For another thing, it was clear that [redacted] was presented as an evil, horrifying thing. Yes, [redacted] was for the best, but it required a disturbing moral compromise to do it, and what really underlined that compromise was that [redacted] that took things way too far. If anything, that was intended as a cautionary statement, pointing out the dangers of crossing the line in the name of what you think is right. It was saying that if you compromise your principles at all, even for the best of reasons, you can't pretend you haven't been seriously tainted.

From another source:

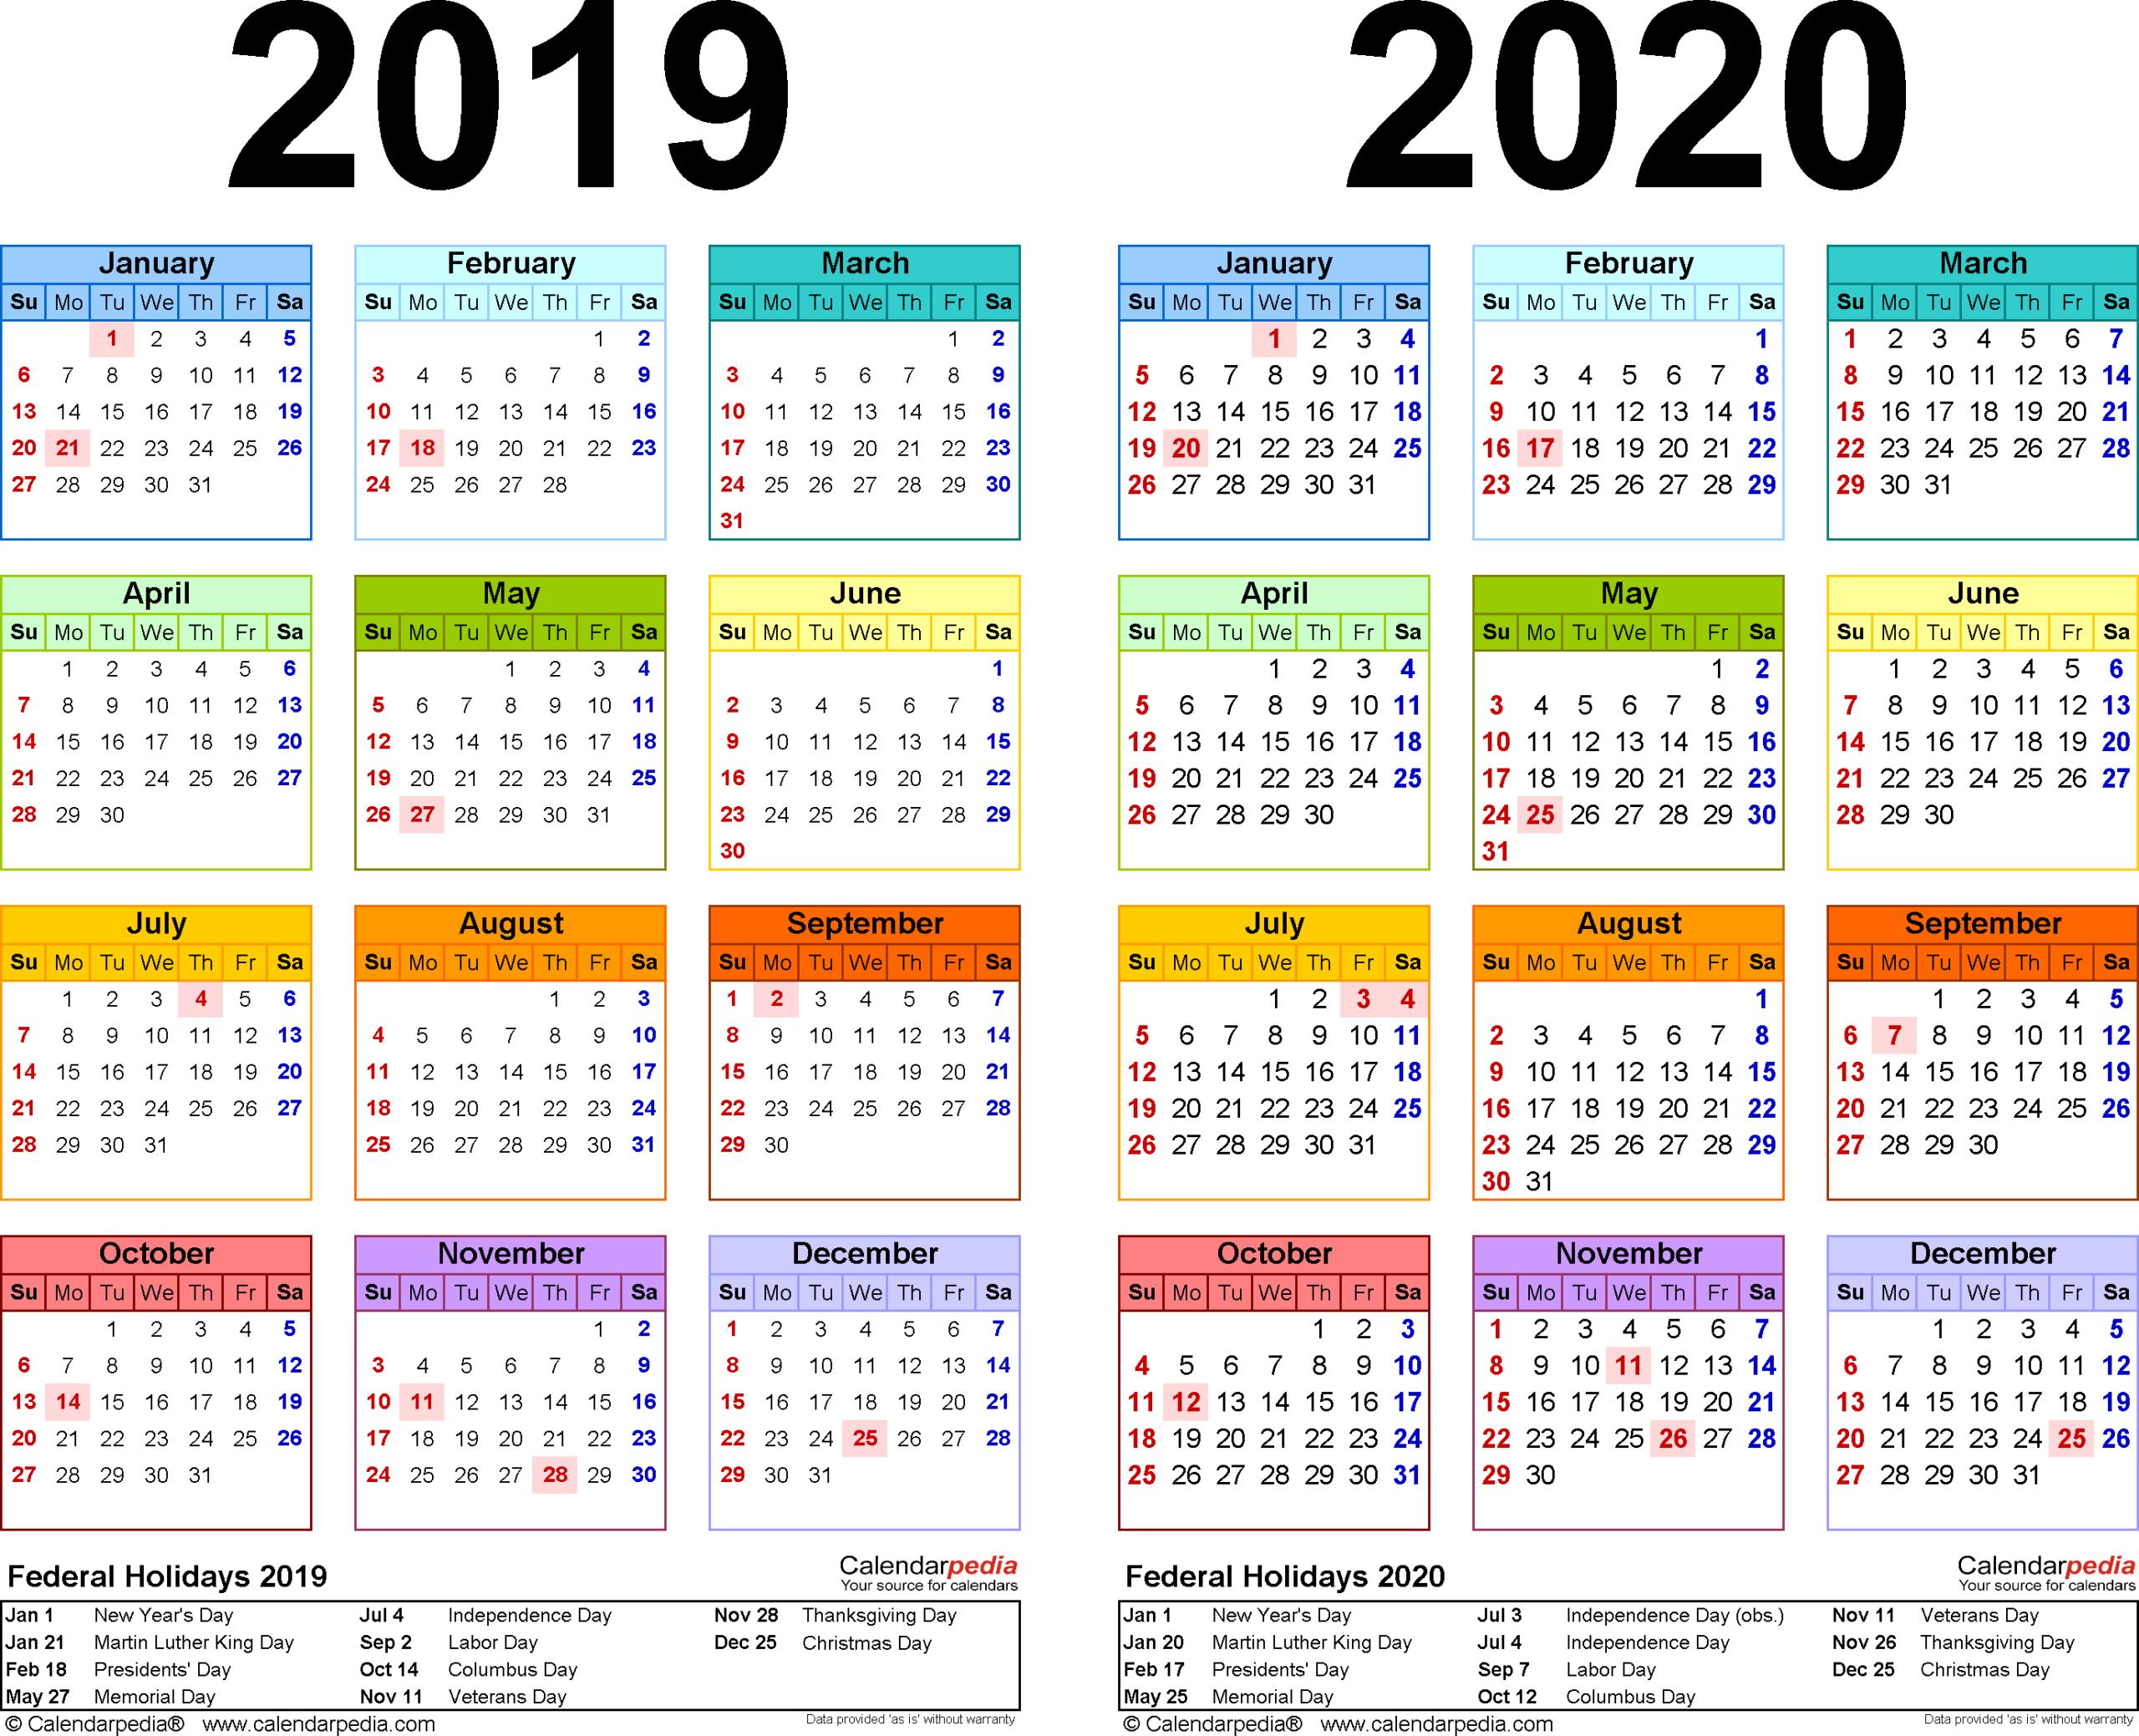 2 Year Pocket Calendar 2020 2021 - Calendar Printable Free for 2021-2021: 2 Year Calendar Pocket

I can't understand how anyone can read a David Mack book and see only a simplistic, black-and-white moral parable. His books are full of unnerving, ambiguous situations, stories where the heroes have to make uneasy moral compromises and questionable choices, stories where the nominal antagonists can be sympathetic and admirable, stories where it's unclear whether anyone has really done the right thing. If you think Dave is endorsing or celebrating any of the dark actions taken against the antagonists of his books, you're not paying attention at all. What Dave is doing is not letting his characters off the hook. That's his trademark as a writer. He doesn't pull his punches. He doesn't just bring characters to the brink of death, he kills them hard. He doesn't just have characters flirt with the line between good and evil, he shoves them across it and down the slippery slope, so that they have to face the full, horrifying extent of what it means to make an ethical compromise. He doesn't leave them, or the readers, the comfortable recourse of pat, easy answers. Mirror Spock has to become as ruthless and violent as the Empire he hopes to overthrow. Bashir has to shoot to kill in order to survive on his spy mission. Lonnoc Kedair has to live with a friendly-fire mishap that she caused. And Admiral Ross has to face the knowledge that when he made a deal with the devil for the good of the Federation, he wasn't as able to control that devil as he'd fooled himself into thinking.